Keempat, Anies berupaya memotret Ibu Kota dengan kamera global. Dimulai menata kota Jakarta layaknya kota-kota modern di dunia. Lihat Jl. Soedirman dan Thamrin, mungkin gak kalah penampilannya dengan New York di Amerika dan Paris di Eropa.
Begitu juga dengan Jakarta Internasional Stadion (JIS) yang sedang dalam proses pembangunan di Jakarta Utara. Stadion ini diibangun tak kalah besar dan modernnya dengan stadion punya Real Madrid di Spanyol. Anies juga menggelar berbagai even internasional di antaranya adalah balap mobil bergensi yaitu Formula E.
Kelima, Anies dengan kemampuannya berkomunikasi berhasil merangkul semua pihak. Emosinya yang stabil mampu menjaga kharismanya sebagai pemimpin untuk semuanya. Bukan hanya pemimpin untuk para pendukungnya. Ini sekaligus juga yang membedakan Anies dari umumnya para pemimpin di Indonesia. Tidak hanya dengan warga, tapi juga kemampuan berkomunikasi dengan dunia internasional.

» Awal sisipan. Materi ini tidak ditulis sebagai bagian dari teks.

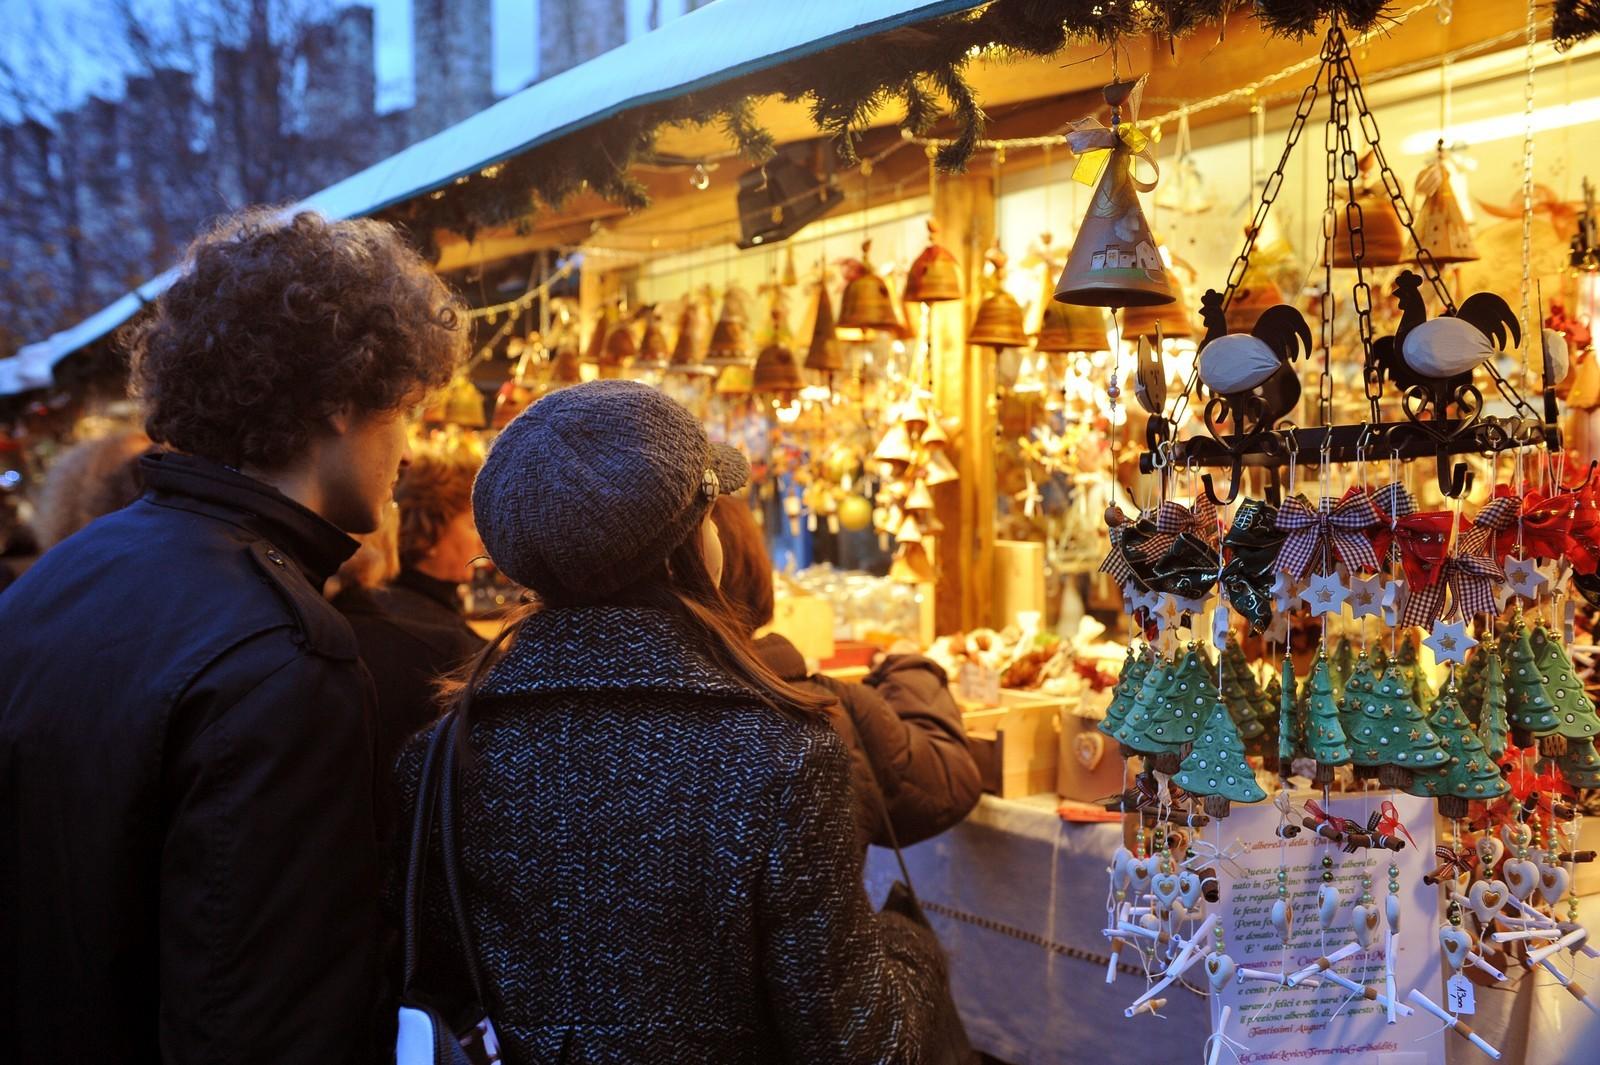 Casette-Mercatino-di-Natale-Trento-foto-M_-Rensi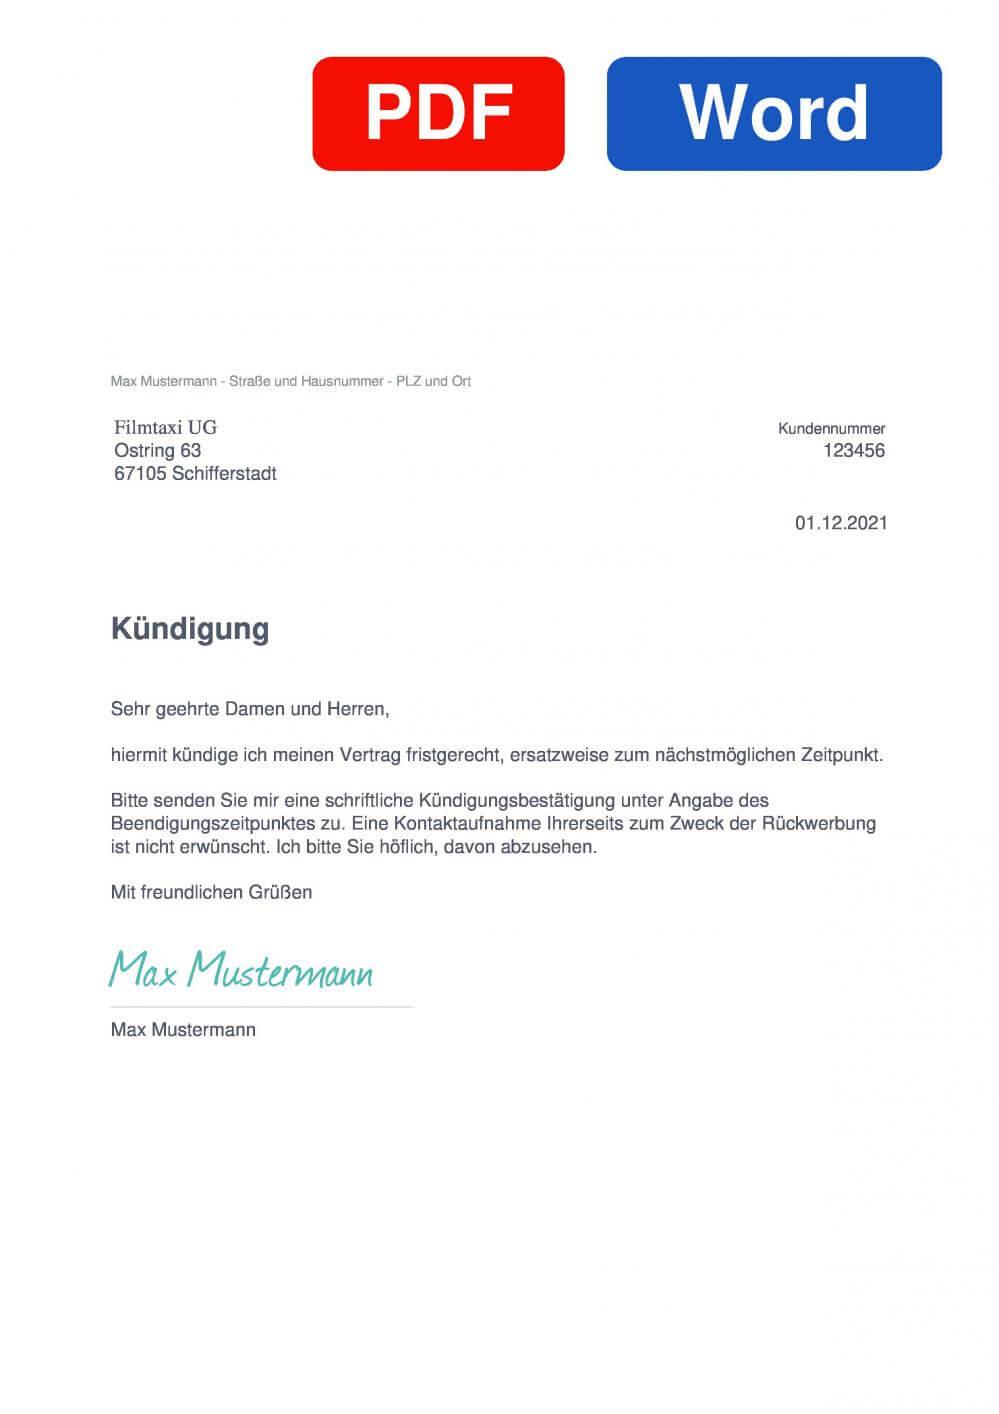 Filmtaxi.de Muster Vorlage für Kündigungsschreiben

Bagi Anies, cara dan kemampuan berkomunikasi itu menjadi ukuran leadership seseorang. Seseorang layak disebut pemimpin lokal, nasional atau internasional, diantaranya dapat dilihat dari cara dan kemampuannya berkomunikasi. Di sinilah orang sering melihat perbedaan antara Anies dengan Jokowi.
Dari lima kategori di atas kita bisa melihat apa isi otak Anies untuk Ibu Kota dan Indonesia.